In 1992, Shandling launched another critical and commercial success by creating the mock behind-the-scenes talk show sitcom The Larry Sanders Show, which ran for 89 episodes through to 1998 on HBO. It garnered 56 Emmy Award nominations and three wins. Shandling based the series on his experiences guest-hosting The Tonight Show Starring Johnny Carson.

In 1993, NBC offered Shandling $5 million to take over Late Night when David Letterman announced his highly publicized move to CBS, but Shandling declined. He was subsequently offered The Late Late Show, but also declined in favor of continuing The Larry Sanders Show.

Shandling wrote 38 episodes of the series and directed three in its final season. He was nominated for 18 Emmy Awards for the series: five for acting, seven for writing, and six for being co-executive producer with Brad Grey. He won one Emmy Award for Outstanding Writing in a Comedy Series for the series finale "Flip." He was also nominated for two Golden Globe Awards for Best Actor (Musical or Comedy) in 1994 and 1995. He won two American Comedy Awards for Funniest Male Performance in a Comedy Series, eight CableACE Awards, and a BAFTA Award. The series influenced other shows, such as Entourage, 30 Rock, and Curb Your Enthusiasm, where guest stars portray themselves.

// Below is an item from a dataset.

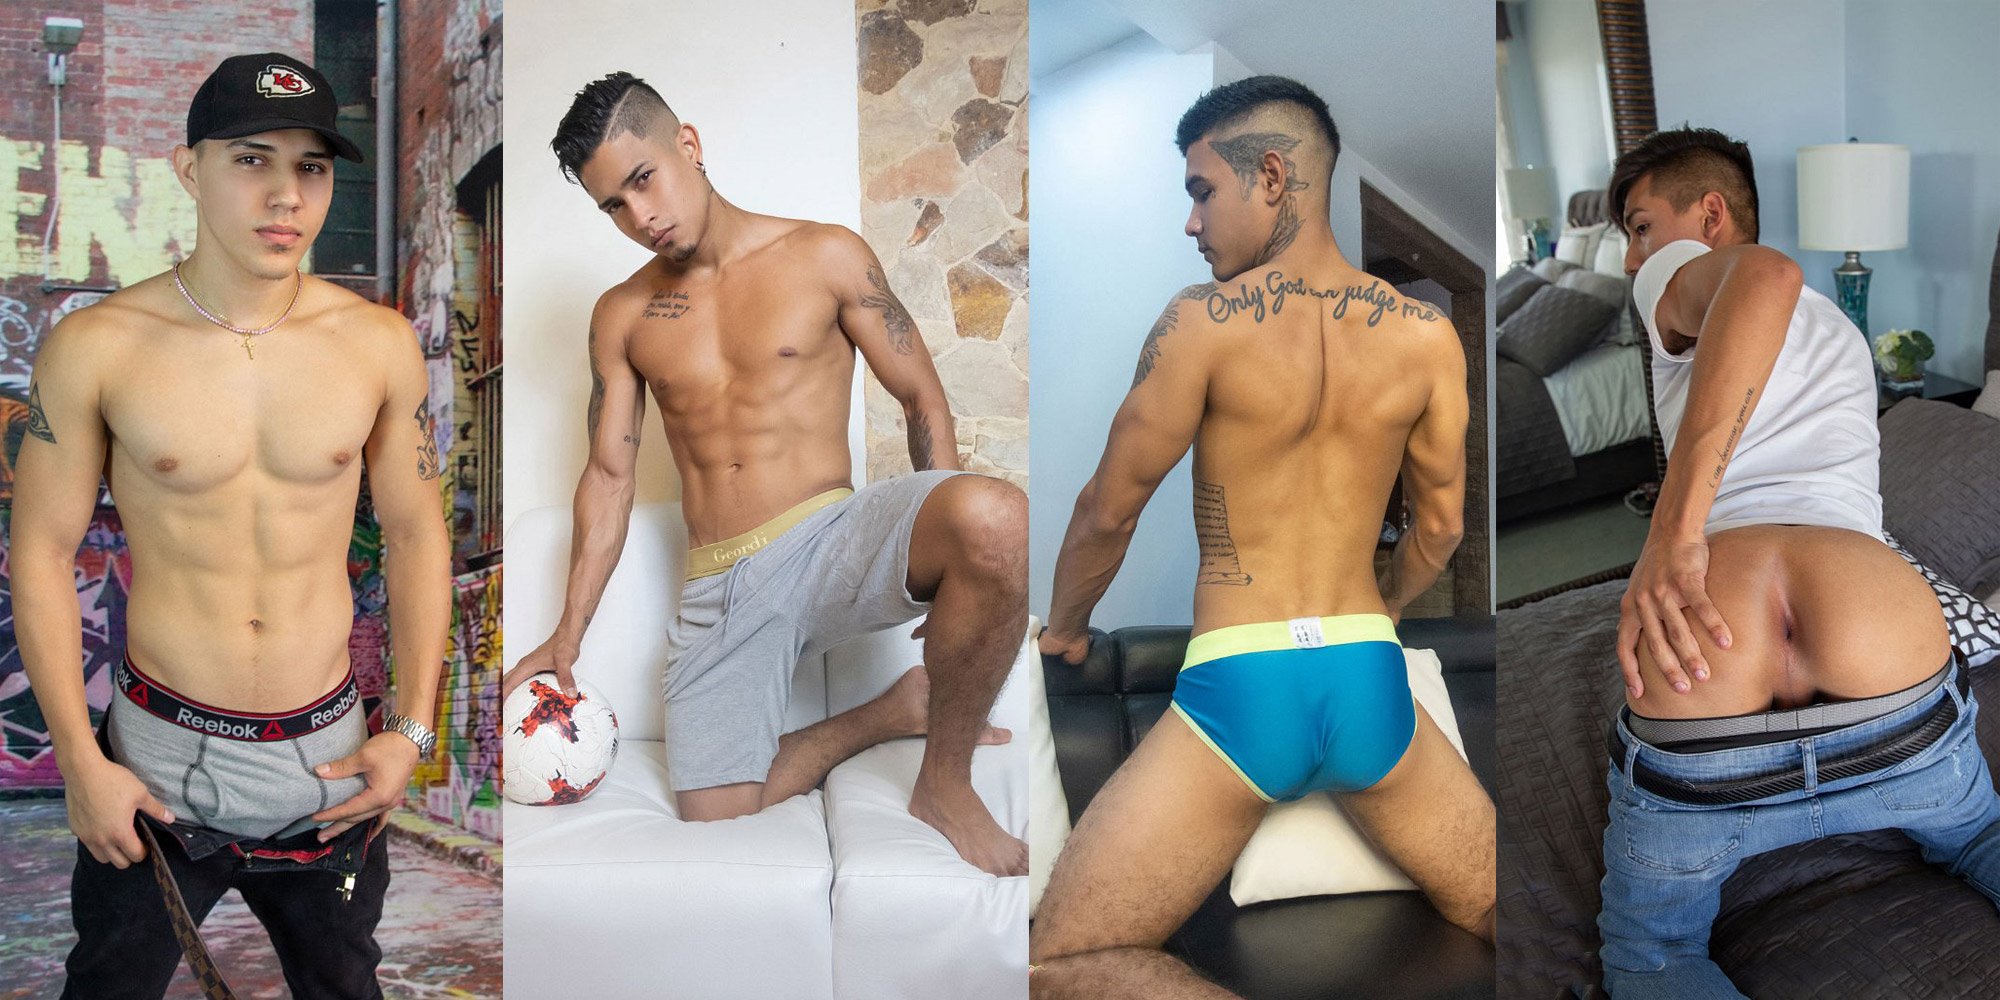 Latinboyz models

In 2002, TV Guide named The Larry Sanders Show as 38th Greatest Show of All Time. In 2008, Entertainment Weekly ranked it the 28th in the "100 best shows from 1983 to 2008" list, and it was included on Time magazine's 100 Greatest Shows of All Time.

The first season was re-released in 2007, along with a Not Just the Best of the Larry Sanders Show, Shandling's picks of the best 23 episodes.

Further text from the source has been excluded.